Also--What if something does go wrong... Have to leave the house in a hurry (going to doctor, spouse stranded on road, etc.) and forget to turn of EV Charger after X hours (or automatic timer fails) and take bank DEAD (need new batteries)... The 800 AH bank has 2x more $$$ at risk vs the 400 AH battery bank.

No "right answer here"--Your risk tolerance, $$$ available, etc. all play into the decision.

Helpful?

-Bill

More or less, if your bank is at float voltage or higher, the batteries are not being "affected" (life/loading).

Single phase 120/240 VAC inverters pull a 120 Hz sine (like) current waveform (peak current to near zero current as the AC voltage sine wave crosses zero volts). So there is a "ripple voltage" on the Battery Bus.

In theory, if the battery bus is at near 12.8 volts (12 volt bank), the ripple current can cause "micro cycling" of the battery bank... Basically discharging at peak current (120 Hz) and charging at near zero current (i.e., discharging to 12.4 volts and charging at 13.2 volts--Assuming a 0.8 volt ripple voltage--Just for example here--Your ripple voltage will differ).

If you only run the "heavy" AC loads @ 13.6 volts, the battery is always in the "float or charging "realm" and not micro cycling--Micro-Cycling is assumed to be harder on battery life (how much--I have no idea).

Just as a start... I would suggest a solar array that is, at least, 2x larger than your AC charging load to keep the bank at float voltage when charging the EV.

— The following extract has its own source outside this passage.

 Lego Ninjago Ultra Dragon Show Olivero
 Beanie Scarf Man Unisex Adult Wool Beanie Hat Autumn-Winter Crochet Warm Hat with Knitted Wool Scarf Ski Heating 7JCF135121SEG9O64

If you want to play around a bit more with a spreadsheet, the PV Watts program does allow you to input your array sizing/tilt/location, etc. and see the average solar harvest wattage hour by hour (another solar model! Yippee):

https://pvwatts.nrel.gov/pvwatts.php

Each day is a "real day of sunlight" based on the average/typical day (month/day) for >20 years worth of days for that date (if this makes sense)--So you can see what to expect (array performance in Watts for each hour of the day)--And play with the numbers to see what makes sense for you to allow "float harvesting" and avoid early micro cycling wear and tear on your battery bank.

-Bill